Chapter 30

Chapter Thirty

Hailey

The No-Trade Clause

I should’ve known better than to think I could sneak out for a chai latte without consequences.

It was Leif’s day off and since he has nothing to do, he has been hovering all morning—offering food, tracking my hydration like a man who took a health and wellness seminar way too seriously—so I figured a quick walk to my favorite café would clear my head. A little fresh air, a latte that isn’t turmeric-based, maybe even a moment to process what Aspen offered me last night—becoming a producer for her next gig.

But no.

Because the second I step into the coffee shop, my phone vibrates violently in my pocket.

Jules: Turn around, coward.

My stomach drops.

And before I can even pretend I didn’t see the text, I hear her voice.

“You’re seriously hiding from me?”

I freeze. Then, very slowly, I turn around.

Jules stands there, arms crossed, expression hovering somewhere between You absolute bitch and I love you, but you are testing my patience. Her eyebrows—which she 100% inherited from our mother—are doing that thing where they arch in unison, a silent promise of impending judgment.

This makes me miss Mom, but thankfully, I control the waterworks. I’m getting good at that—not crying every five fucking minutes.

I try for nonchalance. “I wasn’t hiding.”

She scoffs. “Oh, really? Because I texted you three days ago, and instead of calling me back like a normal person, you left me on read.”

I shift on my feet. “I was busy.”

Jules’s eyes narrow. “Busy doing what? Pretending you’re still in . . . I can’t even remember where you were the last time we talked. It’s been months of you only sending texts and being vague. If I hadn’t seen you on the train a week or so ago, I wouldn’t even know you’re back.”

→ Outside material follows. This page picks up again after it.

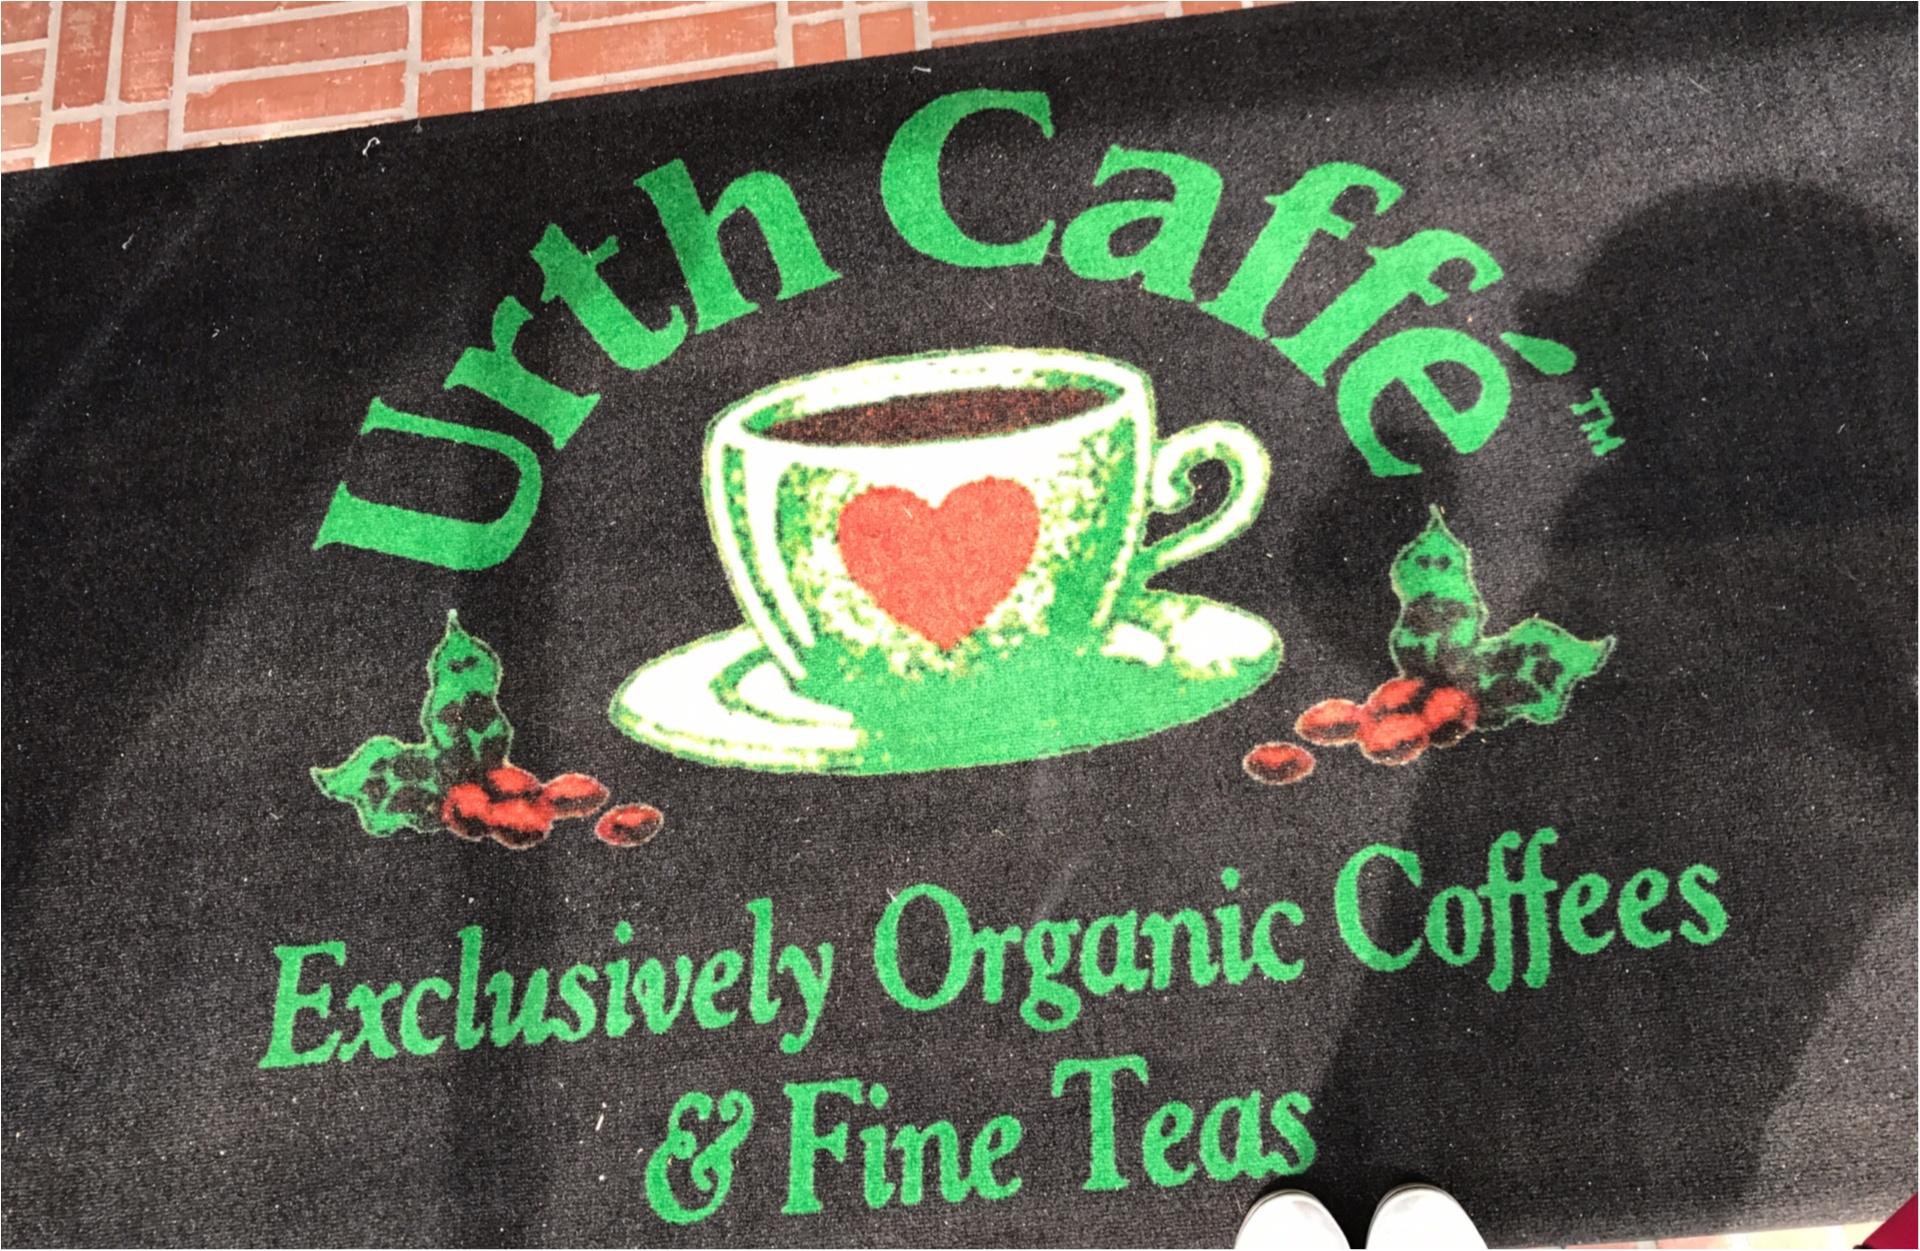 ★並んでも行きたい!モアハピ部地方組の私がどうしても行きたかった『Urth Cafe』はやっぱり可愛かった★_1

“Things are complicated,” I confess.

“Is this your way of saying, ‘Leif and I are dating, but I’m in denial?’” she asks, and maybe I should have grabbed onto that semi-truth.

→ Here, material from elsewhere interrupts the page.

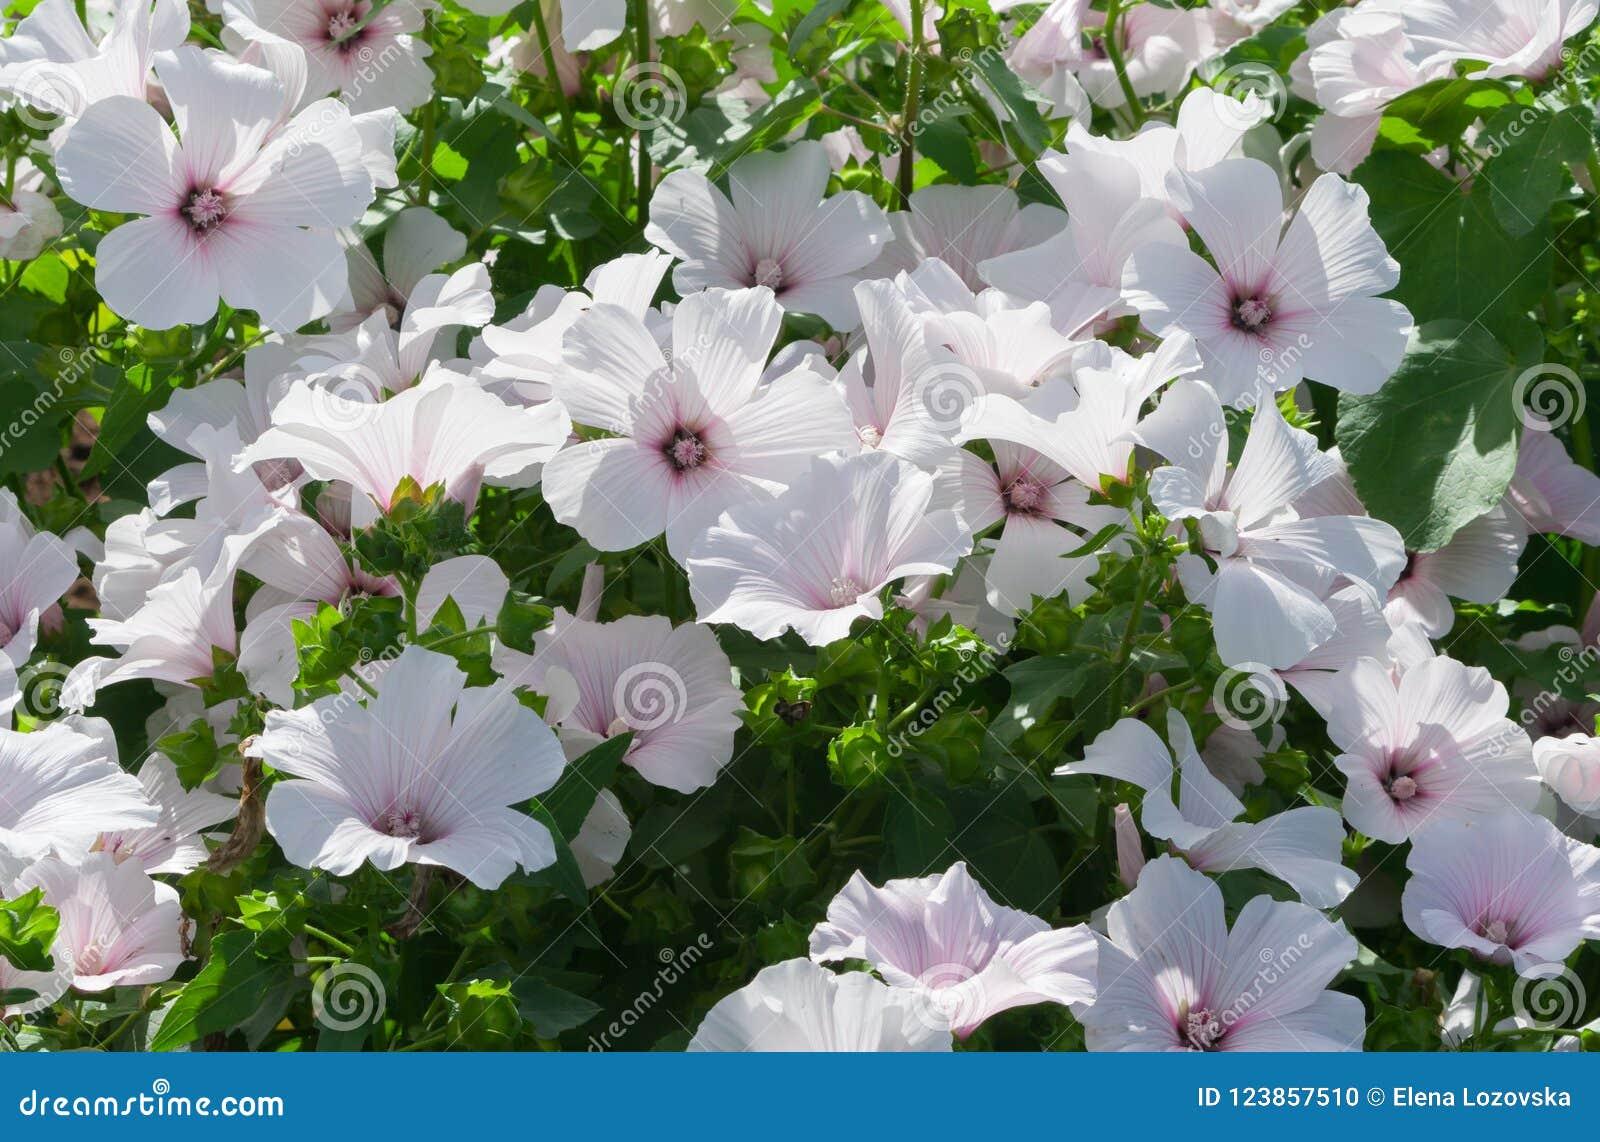 Lavatera White Dwarf Pink Blush Beautiful White Flowers With Pink

Are we dating? Lightly. To save me some time, I move my purse from my belly to fetch my wallet and ask, “Why don’t I get you something to drink?”

“Oh my fucking God, are you pregnant, Hailey Jean?” she shrieks.

“Can you shout that louder? I don’t think they were able to listen to you in Alaska,” I huff.

“How far along are you?” she asks.

“Can we not do this now?”

She steps closer, voice dropping. “How long were you planning on keeping this from me?”

I blow out a breath. “It’s not like that.”

“Then explain what it is like, Hailey.” She glares at my little pouch as if it has done something to her—which, nope.

“I was going to tell you,” I interrupt, voice tight.

Jules gives me the look. The one that says, You’re full of shit.

I stare at the counter, suddenly feeling very small. “I just . . . wasn’t ready.”

Jules exhales sharply. “Hailey, do you even hear yourself? I’m your sister. We tell each other things. And you—” She pauses, her voice softening. “Leif knocked you up and you didn’t even tell me you two are together?”

The knot in my chest tightens. Oh my God, do I tell her everything? I’m not ready, but if I don’t tell her and it comes up later . . . this is Sophie’s choice, isn’t it?

“Does his family know that you two are expecting?” she asks.

My stomach flips. “What?”

“The Crawfords.” She steps back to let a person come through and then continues. “I know the answer, of course they know. You choose them over us all the time. You told them, but you couldn’t even tell your own family?”

My throat constricts. “It’s different.”

“How?”

“Because they want to be here.” The words spill out before I can stop them, raw and way too honest.

Jules blinks, caught off guard. “And we don’t?”

This . . . I’m not ready for this conversation. I press my fingers to my temples. “You don’t understand.”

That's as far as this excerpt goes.